When an instruction passed all these conditions, we should do instrument to that instruction to read the memory content. Now, as like the last example, we mentioned the action method here too which is ReadContent(). Now, this method needs to know the read memory address to perform the retrieval of the content from that memory. So, we send this piece of information with our INS_InsertCall() using IARG_MEMORYREAD_EA argument passing to ReadContent(). Look at the ReadContent() method as a parameter as ADDRINT which accept the memory address of reading memory address passed by INS_InsertCall().

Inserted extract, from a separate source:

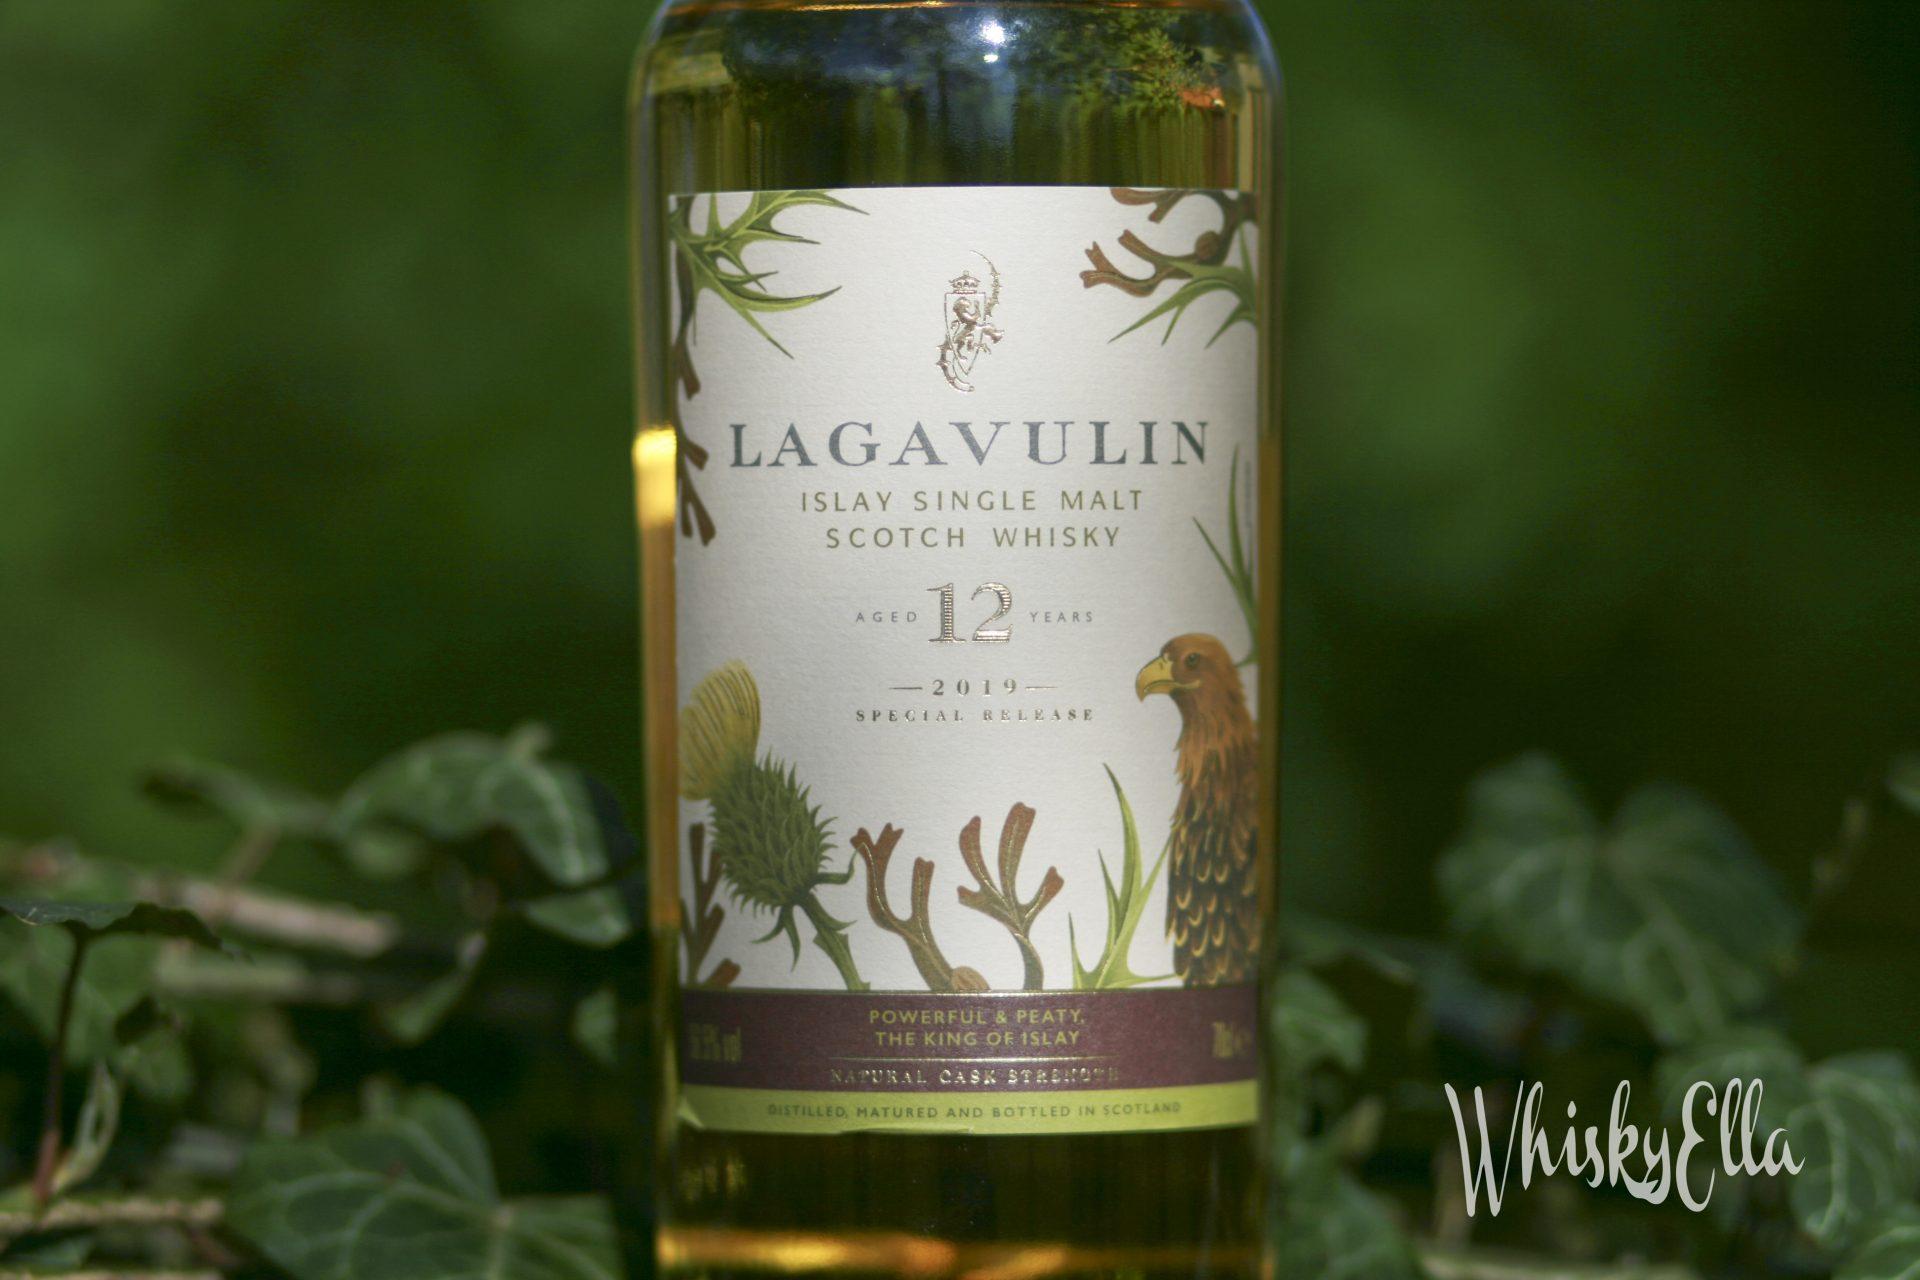 Nasza recenzja Lagavulin 12 yo Cask Strength 2019 #65

Now, discuss what ReadContent() function does here for us. At first, we declared an ADDRINT to hold the memory content which we are just going to fetch from the memory address. Next, we have called PIN_SafeCopy() with passing the memory address and how many bytes we want to read from there beside where we expect the content will be written. Finally, we do writing down the information as:

memory_address memory_content

So, if we look back to our output file, we will have something like following:

Address 0x7f27a4b630a0:	149632
Address 0x7f27a4b61cf8:	3219913727
Address 0x7f27a4b61d00:	0
Address 0x7f27a4b630a8:	139807916161040
Address 0x7f27a4b61ca4:	10114392040684128785
Address 0x7f27a4b630c8:	139807916875776
Address 0x7f27a4b630d0:	139807916868768
Address 0x7f27a4b61e08:	0
Address 0x7f27a4b61e60:	140726958392976
Address 0x7f27a4b61fe0:	139808243855680
Address 0x7f27a4b61e08:	0
Address 0x7f27a4b630c8:	139807916875776
Address 0x7f27a4b630d0:	139807916868806
Address 0x7f27a4b630c8:	139807916875776
Address 0x7f27a4b630d0:	139807916869992
Address 0x7f27a4b61cb8:	4096
Address 0x7f27a4b61cb8:	4096

We can build the new tool in following steps:

make

make obj-intel64/globalTrace.so

and then we can run this tool with “/bin/ls” as like:

../../../pin -t obj-intel64/globalTrace.so -- /bin/ls

We will enrich this example more in next update.